Kindly requests for suggestions, thoughts based on the different metrics collected across various orgs.
Last edited by qaexp; 11-11-2014 at 12:57 AM.
There are no standard metrics. Every software development project is different and has different needs - the metrics collected (if any are collected) vary according to the needs of the project and the organization.
Some of the more common metrics I've seen used are:
- tester-reported issues vs customer-reported issues - which is not as simple as it seems, because before that ratio can be calculated, someone needs to filter out duplicate issue reports, non-issues, and feature requests disguised as bug reports.
- unresolved issue counts grouped by severity and priority - which is also not as simple as it seems because priority shifts depending on how close a project is to release, perceived customer needs, and many other factors.
- Issues resolved in some time frame - this tends not to be terribly useful in my opinion, and if it's used to evaluate the tester (or developer) it encourages fixing the obvious problem without investigating further.
The useful information that I've seen used includes things like:
- Modules of the product that get the most issue reports. This usually indicates high complexity, a lack of systematic regression, or both.
- Analyzing customer-reported issues to see if there is a way to prevent similar issues being released in future (often the answer is "no")
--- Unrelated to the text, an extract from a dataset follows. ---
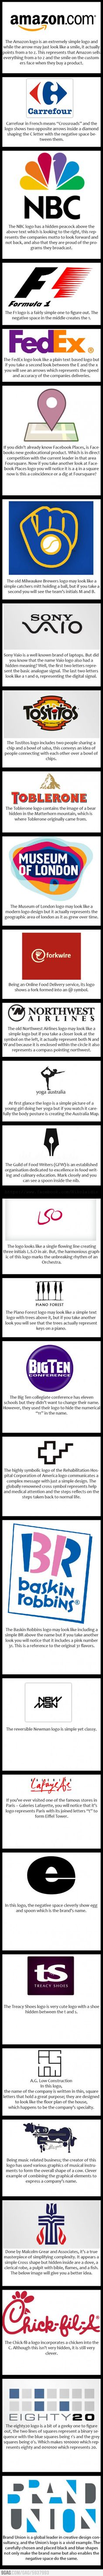 30 logos with hidden messages
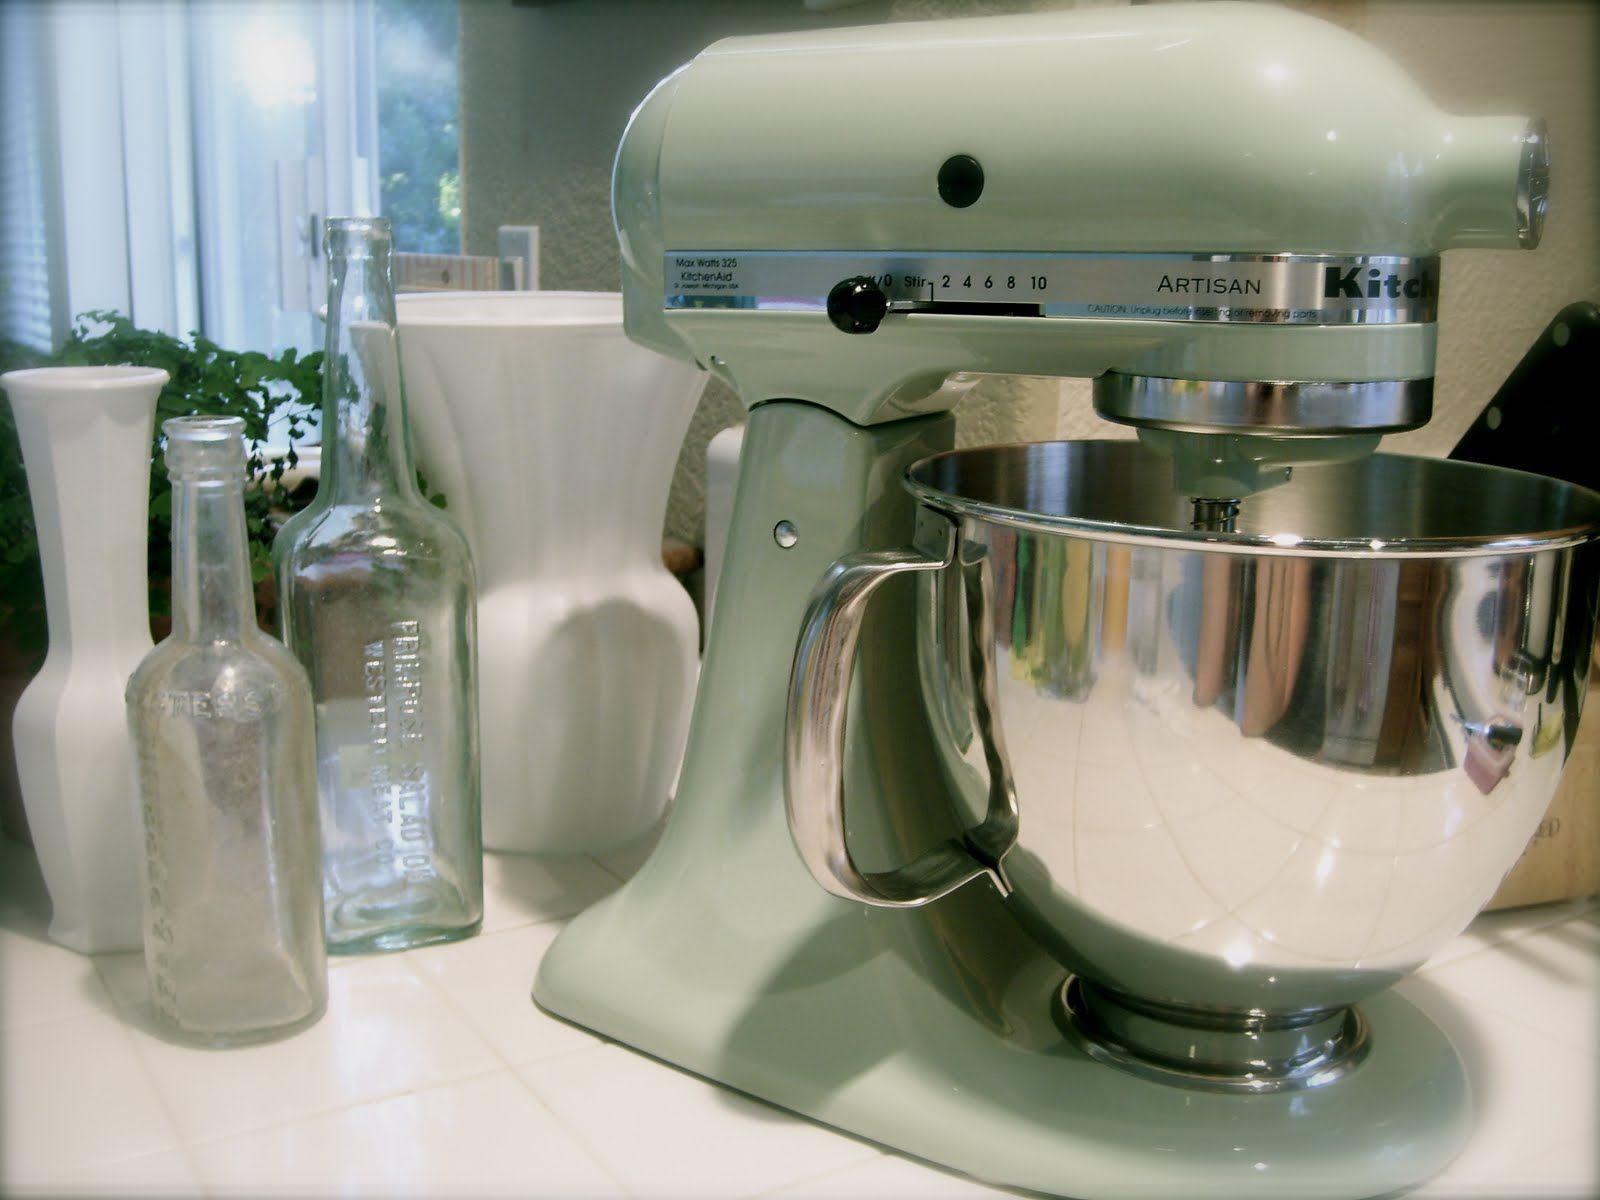 My Dream A Pistachio Kitchenaid Kitchen Aid Mixer Kitchen Aid

- Building listings of features/functionality that can be impacted by changes in other parts of the system. Depending on how old the software is and how actively it's developed, these can be quite bizarre and obscure. I've worked on an application that still had the core code from 20 years earlier which was such a big ball of spaghetti-code it was impossible to tell what would be impacted by a change to the core code.
There are many different kinds. Off the top of my head the ones I find most helpful are:
Cycle time - how long does it take you to complete a minimum viable product from conception to delivery.
% Complete and Accurate - how often can your development team sit down an get work done strought through to completion without having to contact a different group.
Productivity - I like function points per developer. Or test cases per QA.
Error rate - # of errors compared to some productivity measure.
If you do a full Value Stream analysis or even a process map, you'll come up with others. Measuring items coming out of a SIPOC is helpful, too.